Return the material below exactly, but only from the line with "Chanel Gabrielle Handtasche" through the line with "El piano magico.", and without its pictures.

- _Input material_:
──────────

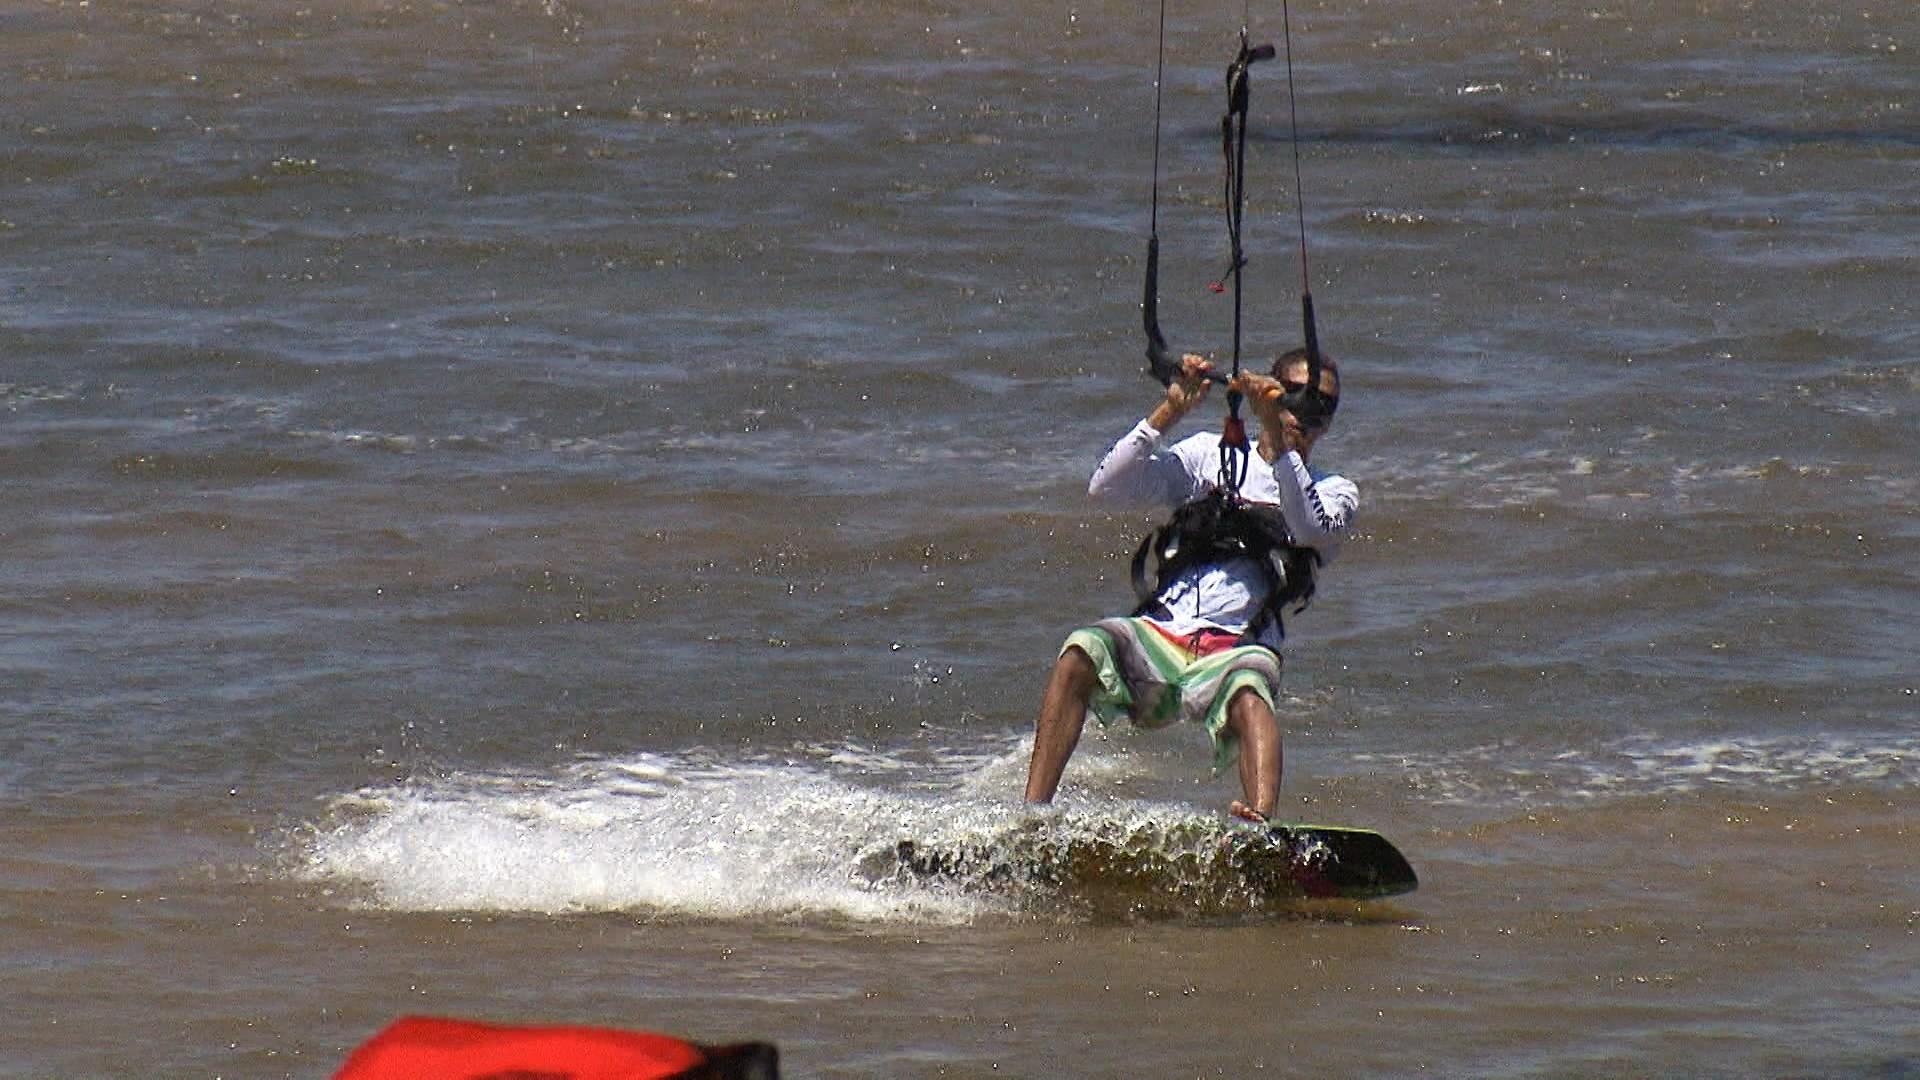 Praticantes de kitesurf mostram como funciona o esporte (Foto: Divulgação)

──────────

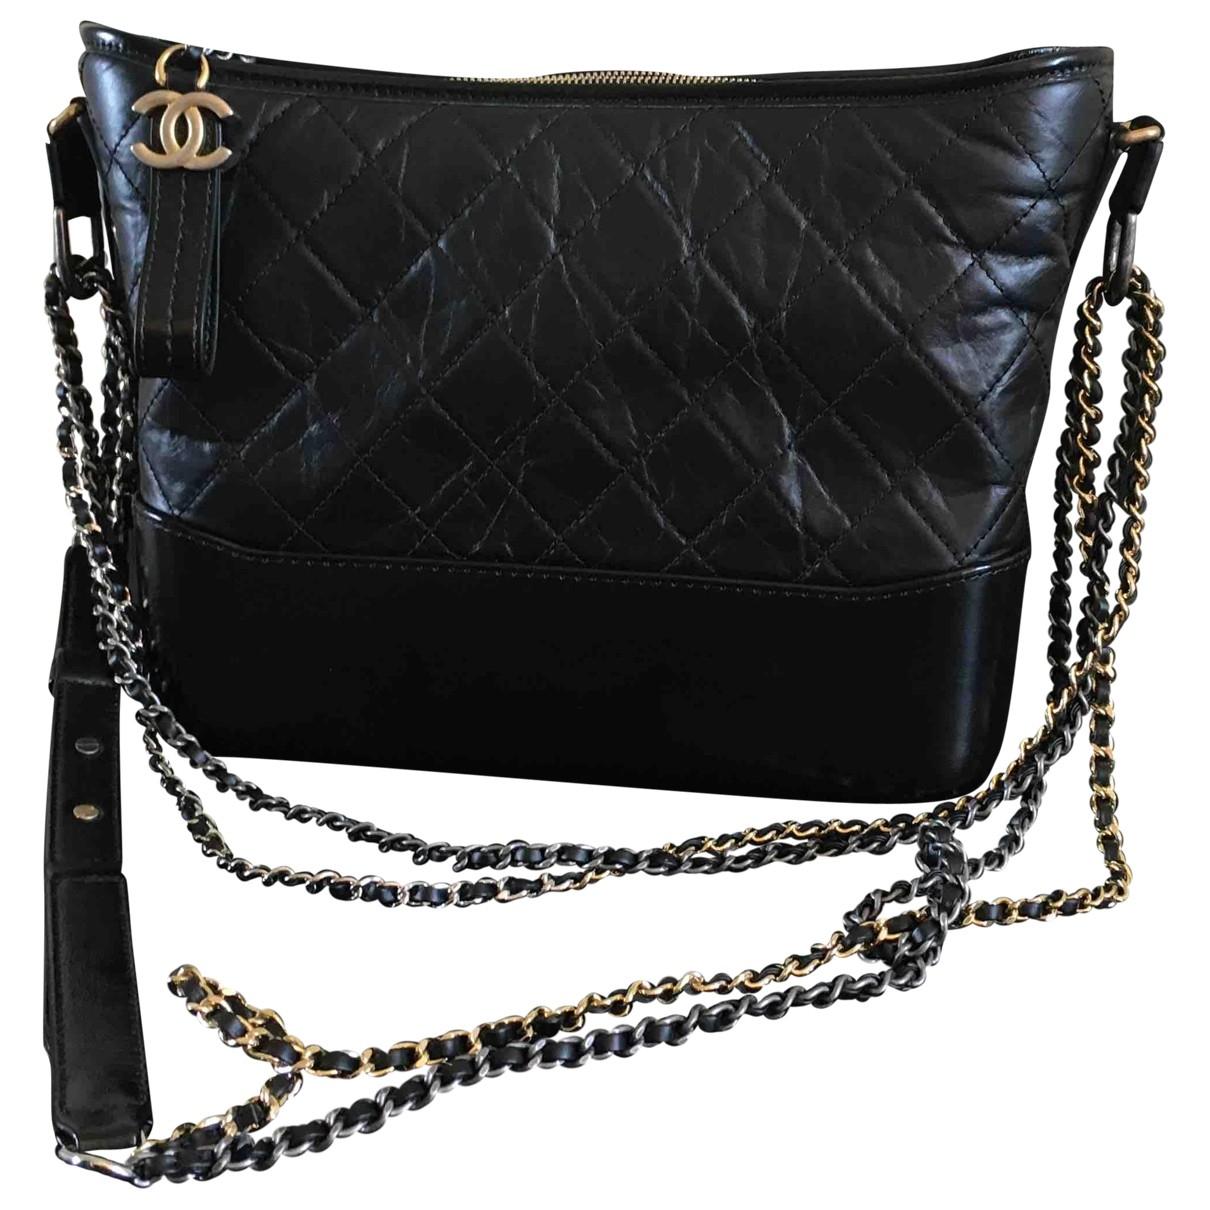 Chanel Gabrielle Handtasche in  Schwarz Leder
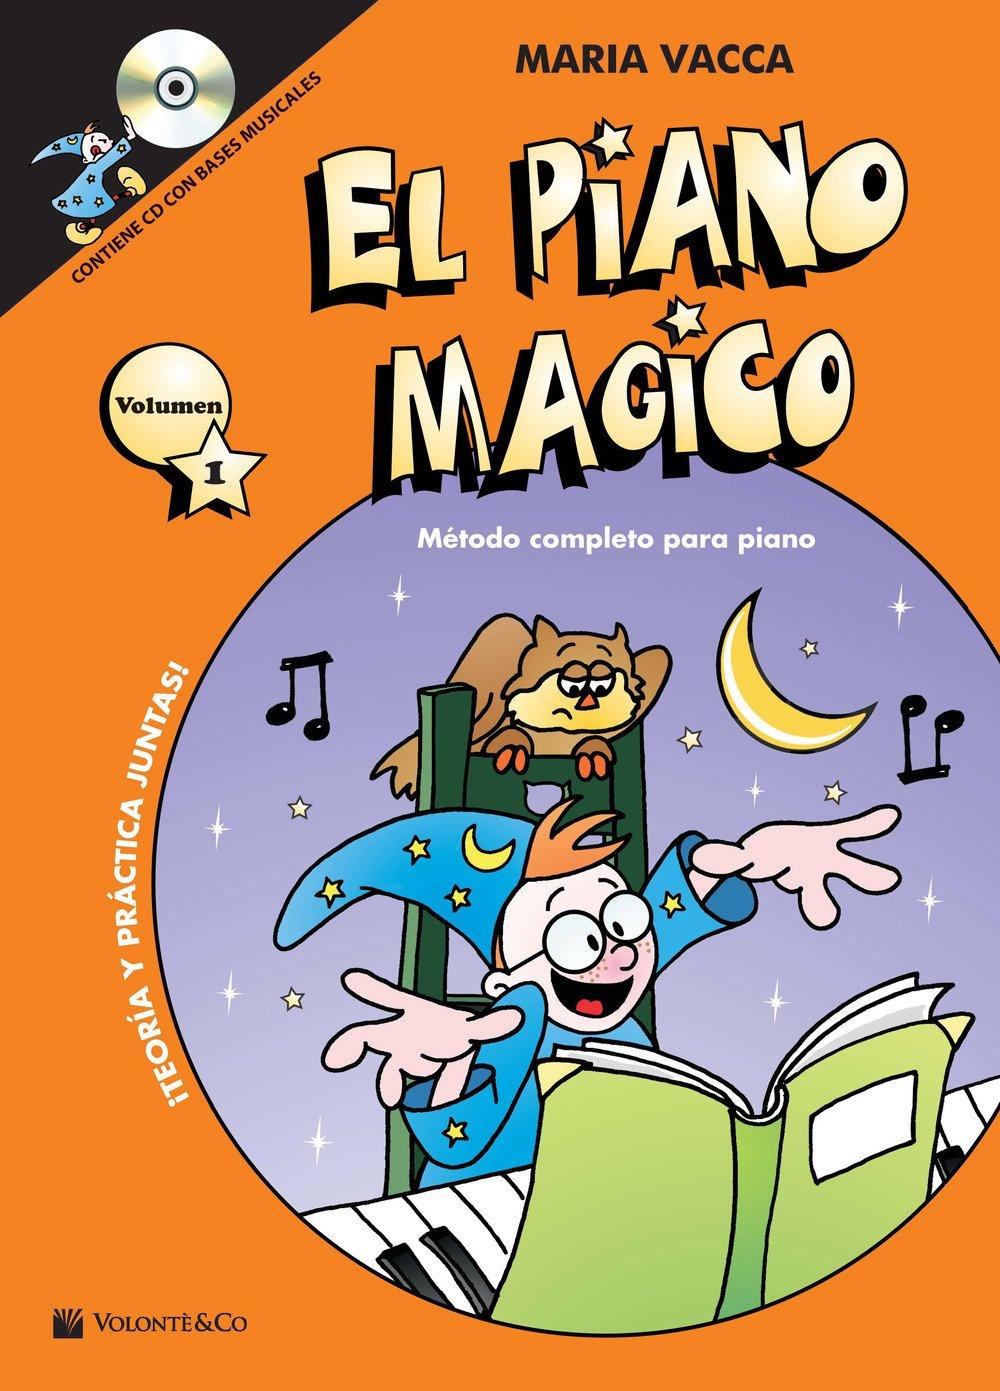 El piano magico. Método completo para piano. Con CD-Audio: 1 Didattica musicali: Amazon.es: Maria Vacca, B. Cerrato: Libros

──────────

- _Solution below_:
 Chanel Gabrielle Handtasche in  Schwarz Leder
 El piano magico. Método completo para piano. Con CD-Audio: 1 Didattica musicali: Amazon.es: Maria Vacca, B. Cerrato: Libros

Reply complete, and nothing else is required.